TASK TO CARRY OUT: Every line below between the line holding "Imagem de: Camiseta BAPE Shark Azul" and the line holding "Butler Tray - Moet or Bollinger", inclusive, should be repeated exactly, and all other lines omitted.

RECORDS FOR THIS TASK:

--------

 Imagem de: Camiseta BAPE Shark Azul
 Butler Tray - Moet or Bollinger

--------

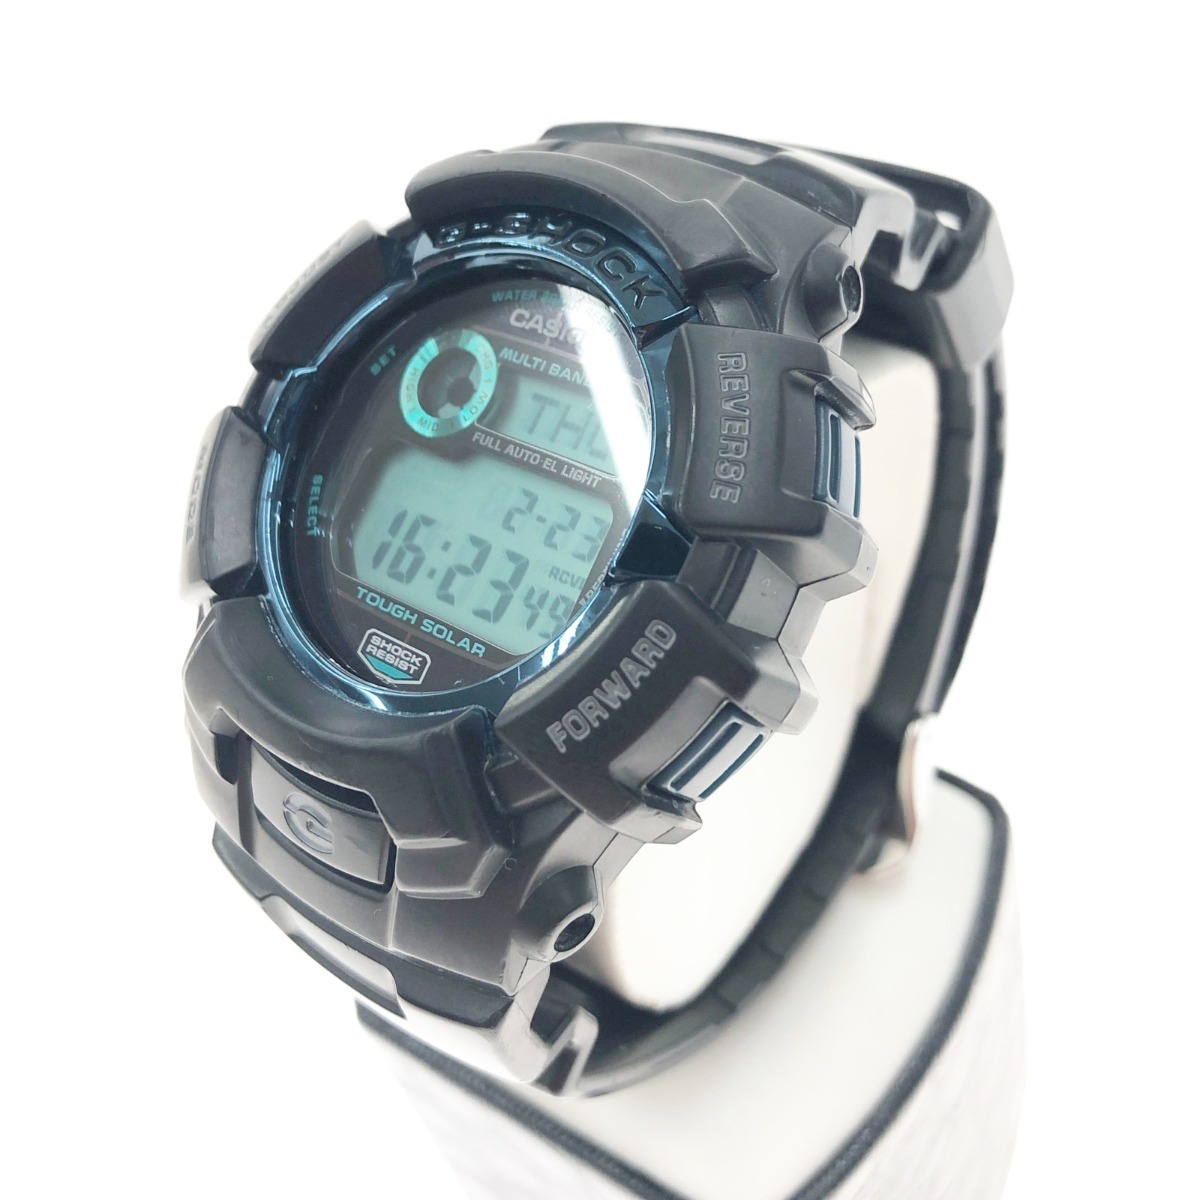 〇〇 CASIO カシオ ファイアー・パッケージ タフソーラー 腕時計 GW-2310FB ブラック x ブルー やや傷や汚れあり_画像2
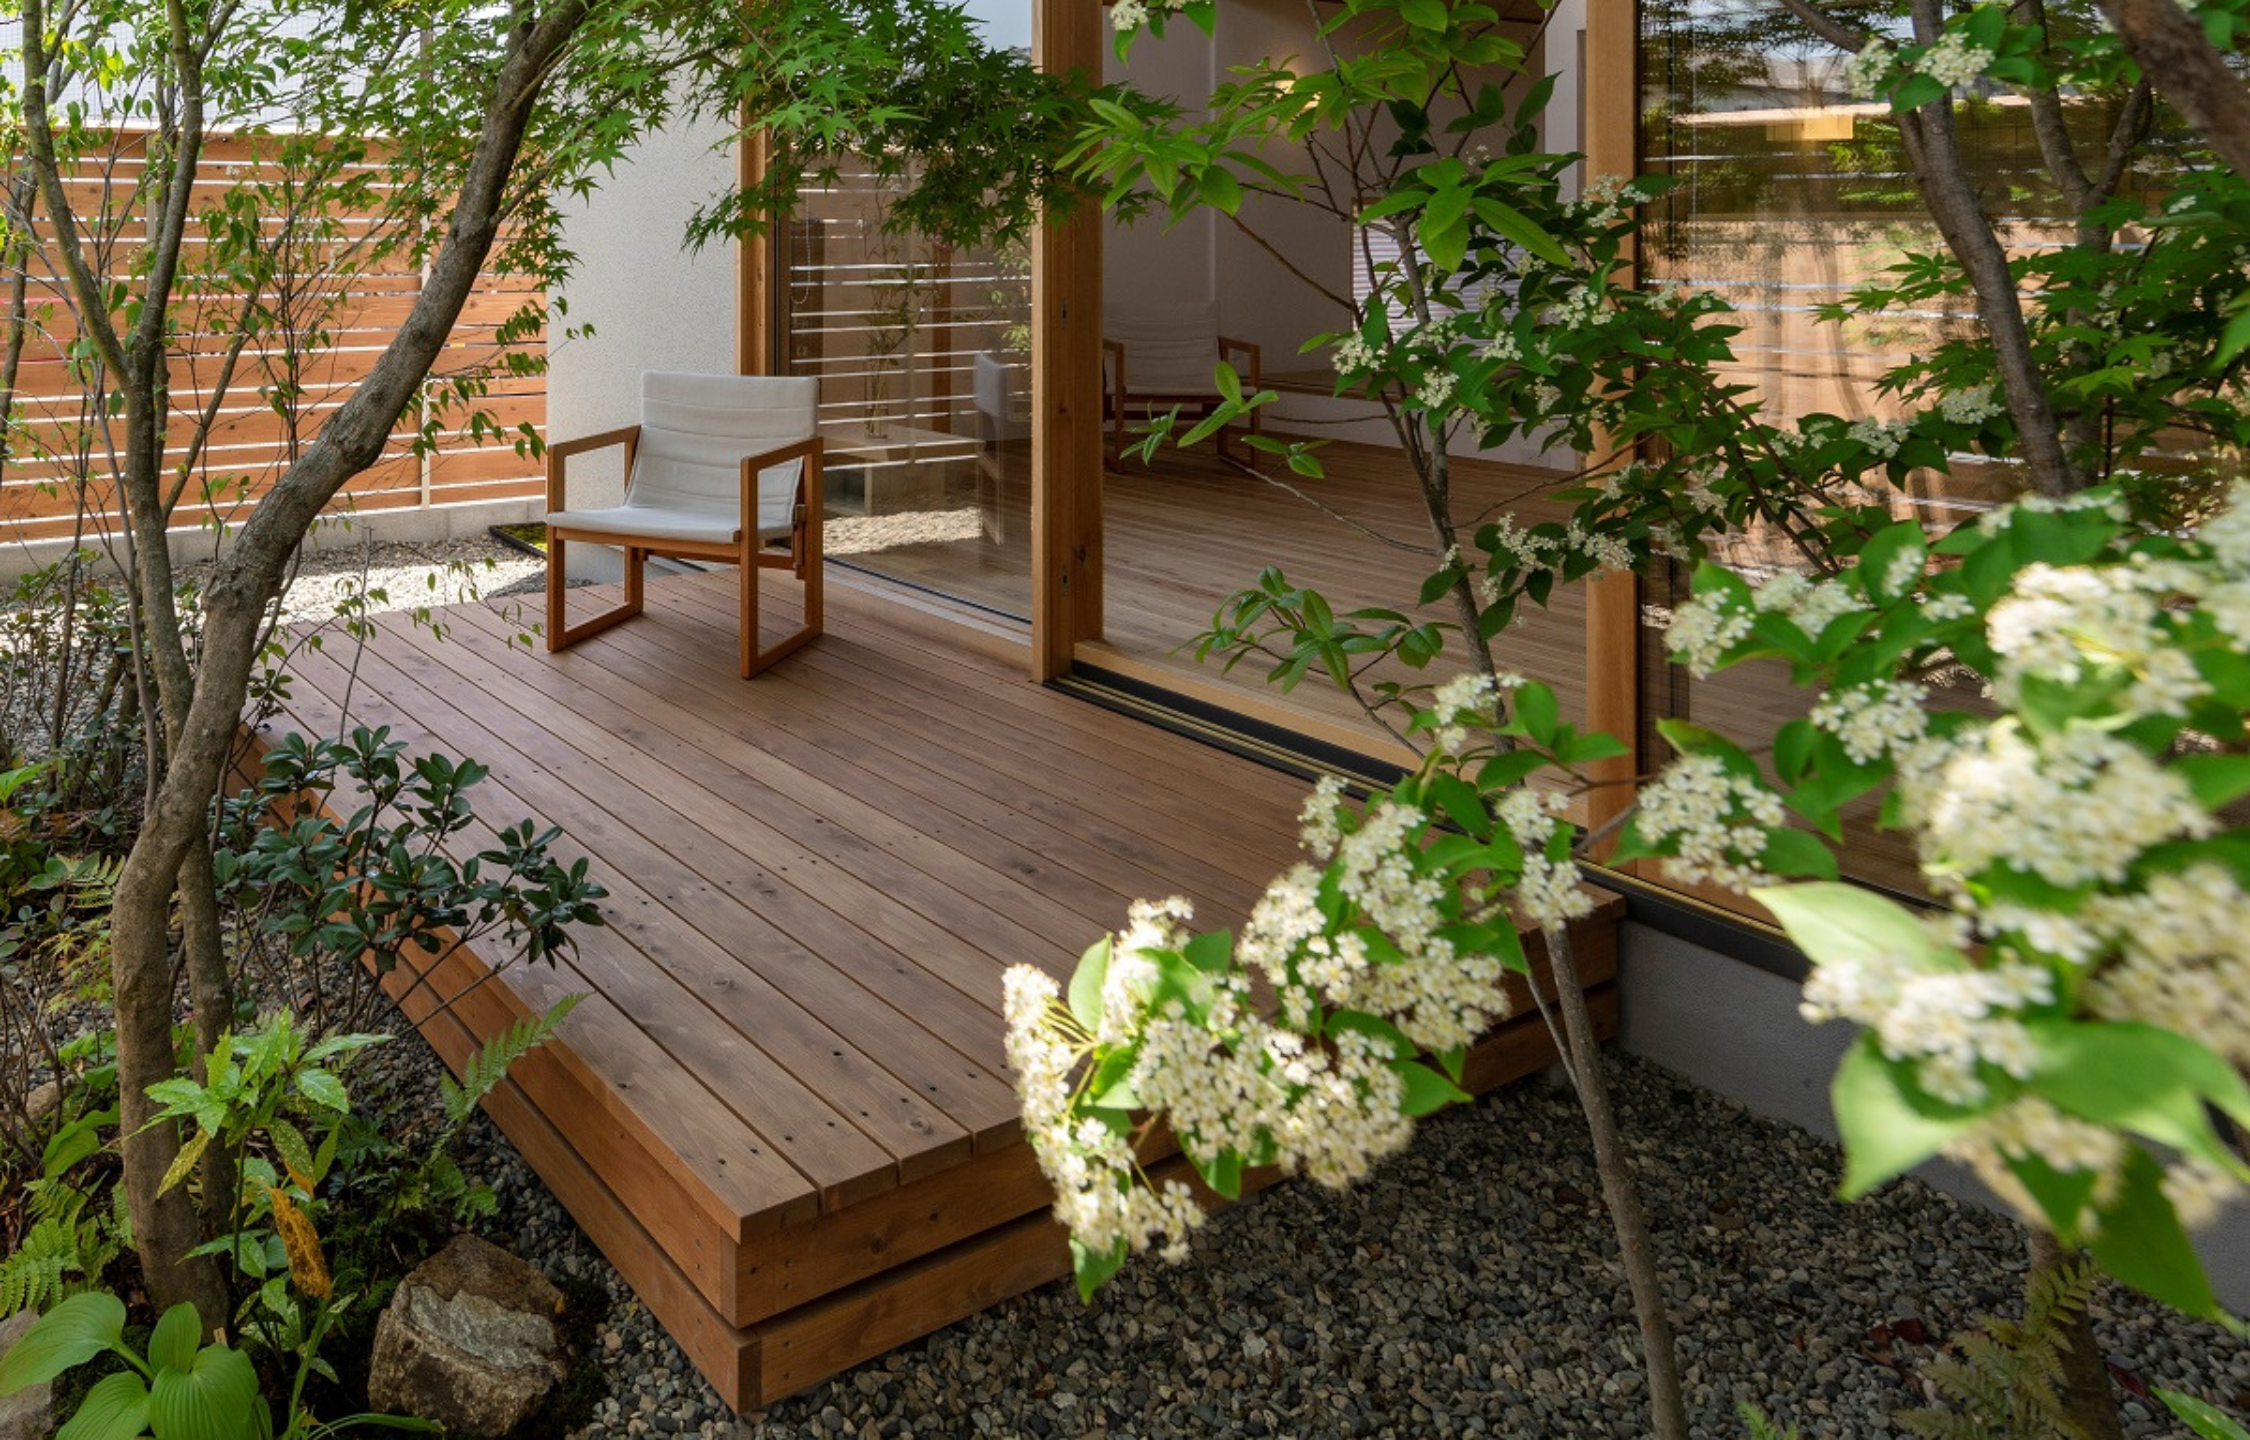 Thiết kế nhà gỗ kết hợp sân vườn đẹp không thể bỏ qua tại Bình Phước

--------

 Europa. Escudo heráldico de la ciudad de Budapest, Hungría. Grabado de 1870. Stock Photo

--------

EXERCISE OUTPUT:
 Imagem de: Camiseta BAPE Shark Azul
 Butler Tray - Moet or Bollinger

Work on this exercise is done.